Cette décision doit encore être approuvée par le docteur Boaz Lev, responsable chargé de déterminer les groupes qui doivent être vaccinés en priorité contre le coronavirus. Elle survient dans un contexte de taux de morbidité croissant parmi les enfants au sein de l’Etat juif.

Le ministère a indiqué qu’au vu des forts niveaux de contagion, le risque représenté par une non-vaccination des enfants susceptibles d’être particulièrement vulnérables face à la maladie l’emportait sur les dangers entraînés par l’insuffisance de données disponibles sur l’immunisation de cette classe d’âge.

Le vaccin Pfizer, qui est le plus utilisé en Israël, a été approuvé aux Etats-Unis et en Europe exclusivement pour les 16 ans et plus. Les essais ont commencé au mois d’octobre sur les enfants dès 12 ans et ils devraient continuer encore plusieurs mois.

Il y a eu, ces dernières semaines, un nombre bien plus important de contaminations chez les enfants – une tendance qui est attribuée au variant britannique du coronavirus. Ils semblent dorénavant plus susceptibles d’attraper et de transmettre le variant que ce n’était le cas avec la souche originale, selon les chercheurs britanniques.

L’hôpital Hadassah Ein Kerem de Jérusalem a ouvert la toute première unité pédiatrique de soins intensifs accueillant des malades du coronavirus, la semaine dernière.

Photo d’illustration d’une seringue et d’un flacon contenant une dose de vaccin COVID-19 à côté du logo de la firme Pfizer, le 23 novembre 2020. (Crédit : JOEL SAGET / AFP)

Le vaccin Pfizer-BioNTech – le principal vaccin à être utilisé au sein de l’Etat juif – n’a pas été testé sur les enfants et il a été approuvé pour un usage d’urgence sur les adultes et sur les adolescents de plus de 16 ans.
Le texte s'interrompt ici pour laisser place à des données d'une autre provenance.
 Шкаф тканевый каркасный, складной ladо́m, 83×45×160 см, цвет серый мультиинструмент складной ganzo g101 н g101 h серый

Le ministère de la Santé, jusqu’à présent, n’avait pas approuvé la vaccination des moins de 16 ans.

L’Etat juif a aussi donné son approbation à la vaccination des femmes enceintes malgré l’avis défavorable à ce sujet qui avait été transmis par l’Organisation mondiale de la Santé, suite à une série de cas graves de coronavirus dans cette catégorie de la population qui a été, là aussi, attribuée au variant anglais.
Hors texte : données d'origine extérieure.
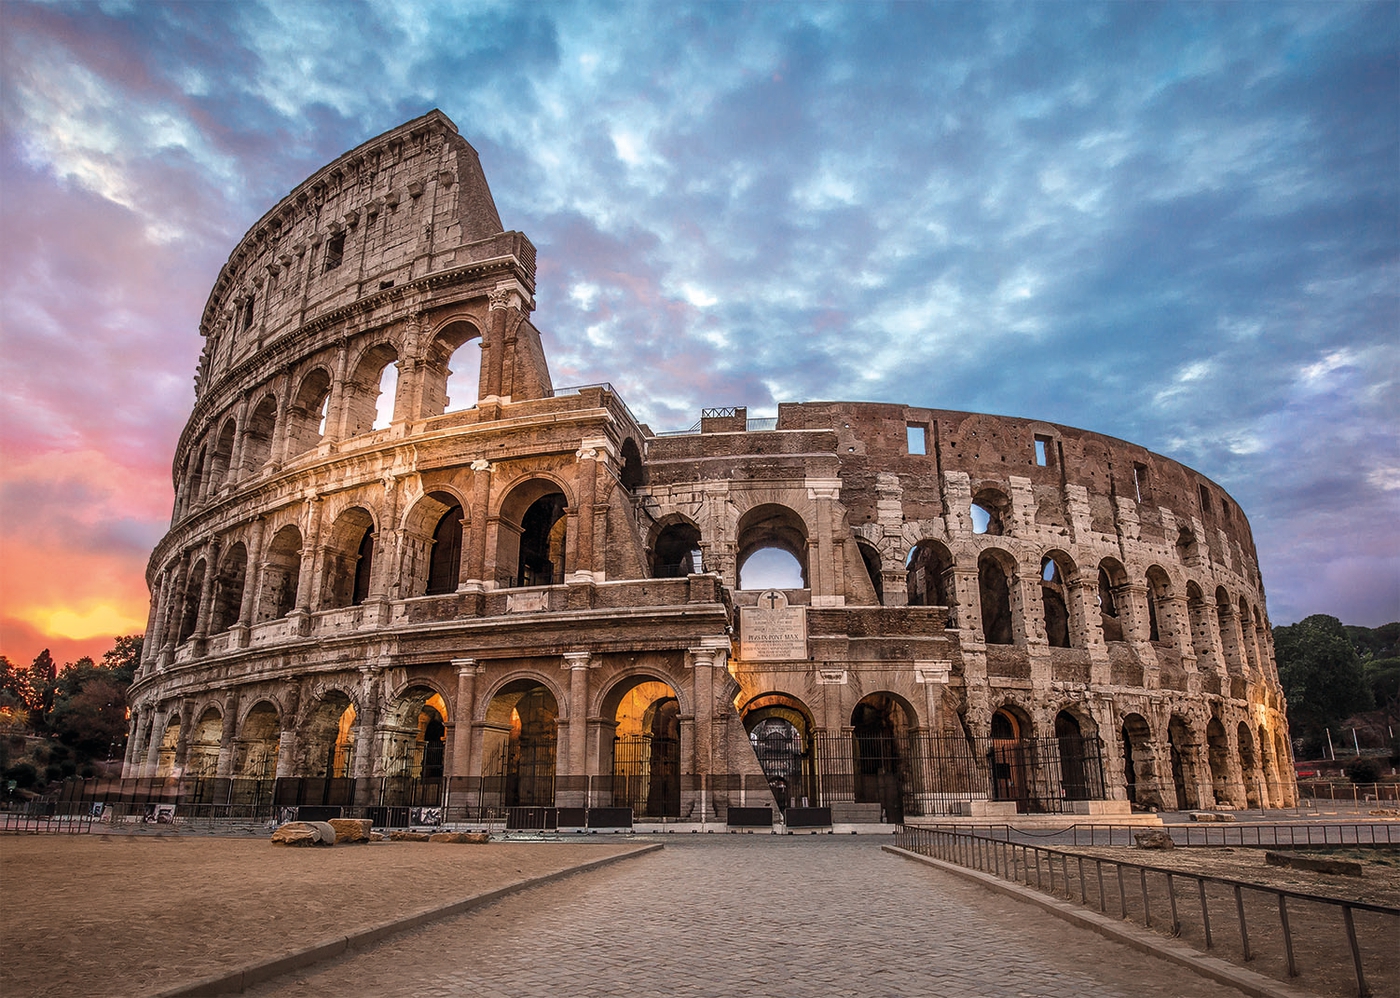 Atardecer en el Coliseo | Puzzle Clementoni 3000 Piezas

Cette semaine, les autorités ont approuvé la vaccination des Israéliens de 16 à 18 ans pour permettre aux lycéens de passer leur « bagrut » à la date prévue. Les 18 à 40 ans ne peuvent pas encore officiellement se faire immuniser contre la COVID-19, même si certains l’ont fait dans certains secteurs moins sollicités, où les caisses d’assurance-santé cherchent à utiliser la totalité des doses de vaccin avant qu’elles ne se périment.